Personal information
- Born: 19 March 1950 (age 76) Moscow, Russian SFSR, Soviet Union
- Nationality: Soviet / Russian
- Listed height: 174 cm (5 ft 9 in)
- Listed weight: 69 kg (152 lb)
- Position: Point guard

Career highlights
- Order of the Badge of Honor (1976); Order of Friendship of Peoples (1980);

= Tatyana Ovechkina =

Russian basketball player

Tatyana Nikolaevna Ovechkina (Татьяна Николаевна Овечкина; maiden name: Kabayeva; born 19 March 1950) is a former Russian basketball player who played for the Soviet Union women's national basketball team that won two Olympic gold medals, the 1975 World Championships and six European Championships. Today, she runs the Russia women's national basketball program.

==Early life==
Ovechkina was born in Moscow. At age 7, she was walking home from school when an automobile struck her and mangled her right leg. She spent a year in the hospital recovering.

==Career==
At 16, Tatyana joined Dynamo Moscow's women's basketball team and soon became its star. At age 19, she was named team captain and played in the club for 13 more years.

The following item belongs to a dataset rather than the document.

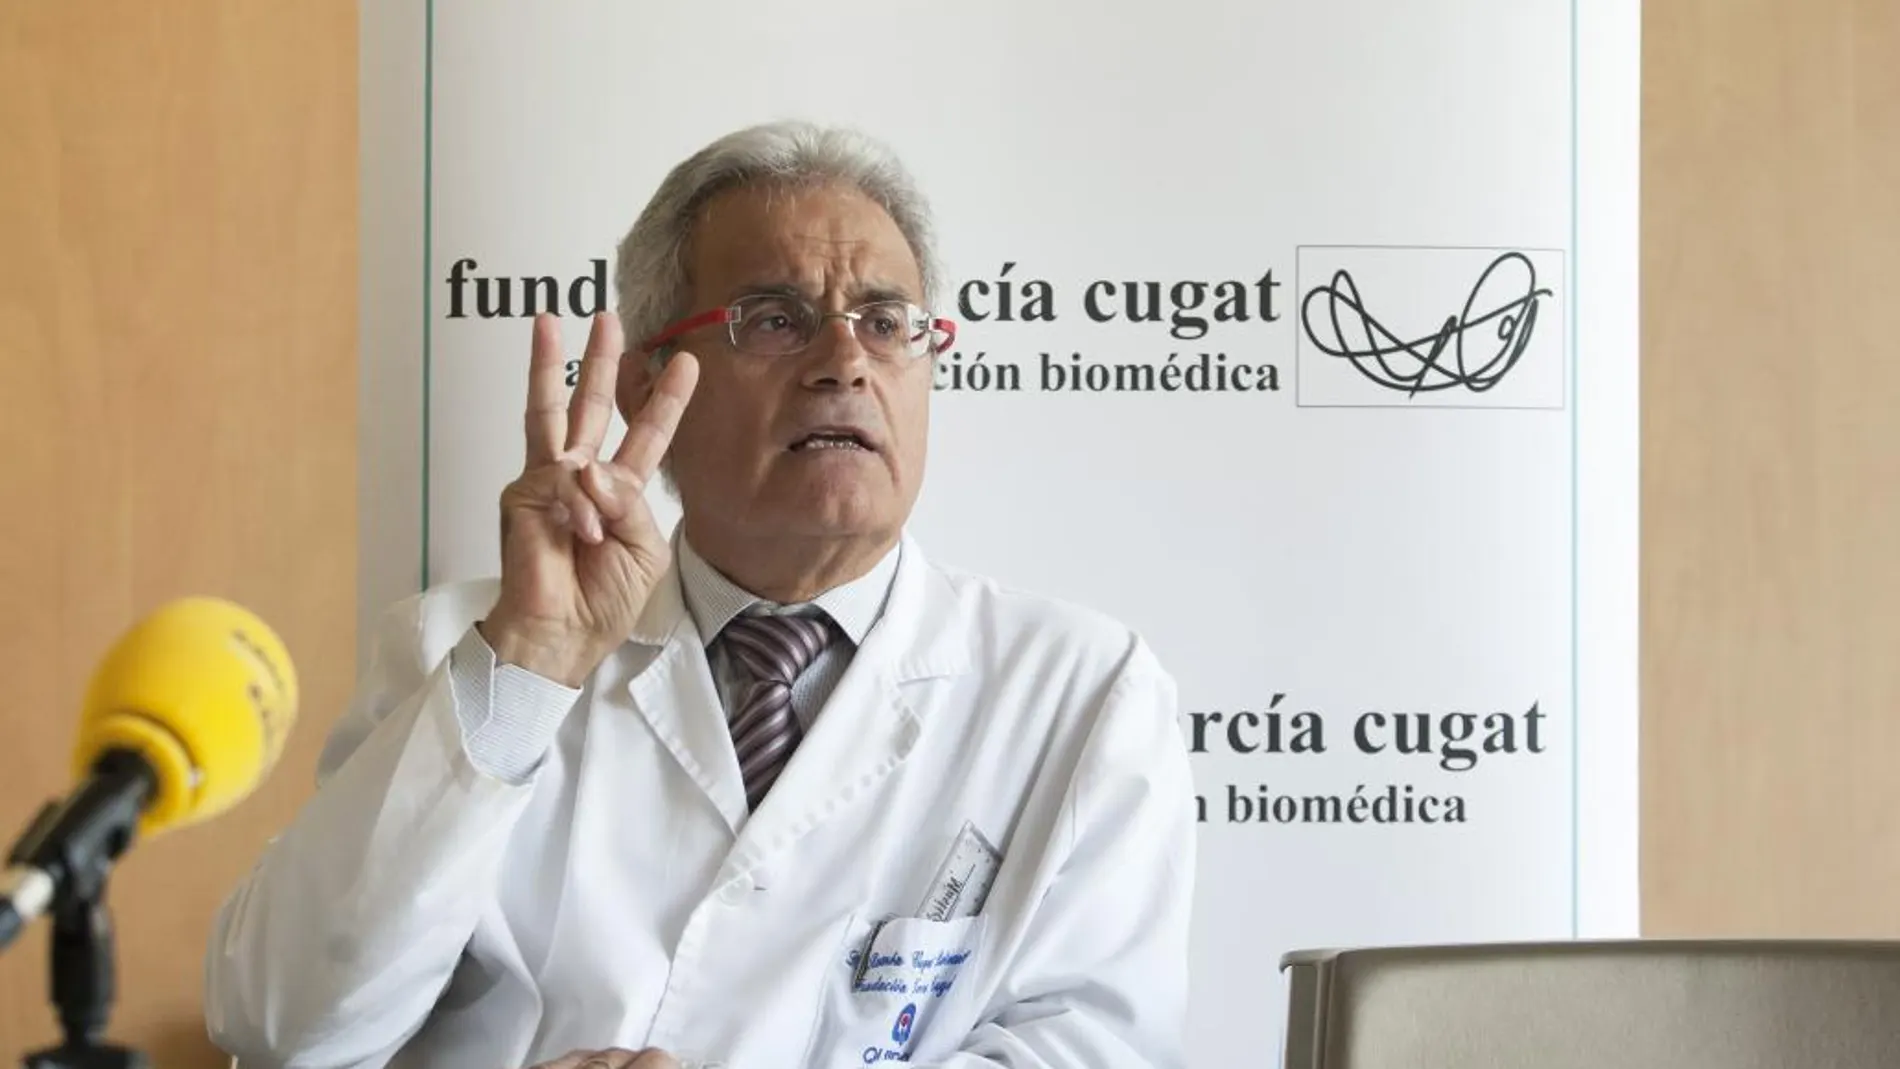 El doctor Ramón Cugat explicó los avances en medicina regenerativa en las V Jornadas de la Fundación García Cugat

Ovechkina won two Olympic gold medals for the USSR team, in 1976 and 1980, and never lost a game in an official international competition. She also won the 1975 World Championship, six European Championships (1970, 1972, 1974, 1976, 1978, 1980), and the 1977 Summer Universiade. She retired from the national team at age 30.

She was awarded the Order of the Badge of Honor in 1976 and the Order of Friendship of Peoples in 1980. In recent years, she was overwhelmingly chosen the 20th century's best female point guard by the readers of the Sport-Express, a Russian daily newspaper. Currently, she is a candidate for induction into the FIBA Hall of Fame.

==Personal life==
Ovechkina is the mother of professional ice hockey player Alexander Ovechkin, who plays in the National Hockey League (NHL) for the Washington Capitals and is regarded as one of the best hockey players of all time. He wears #8 in honor of Tatyana, who wore #8 during her basketball career.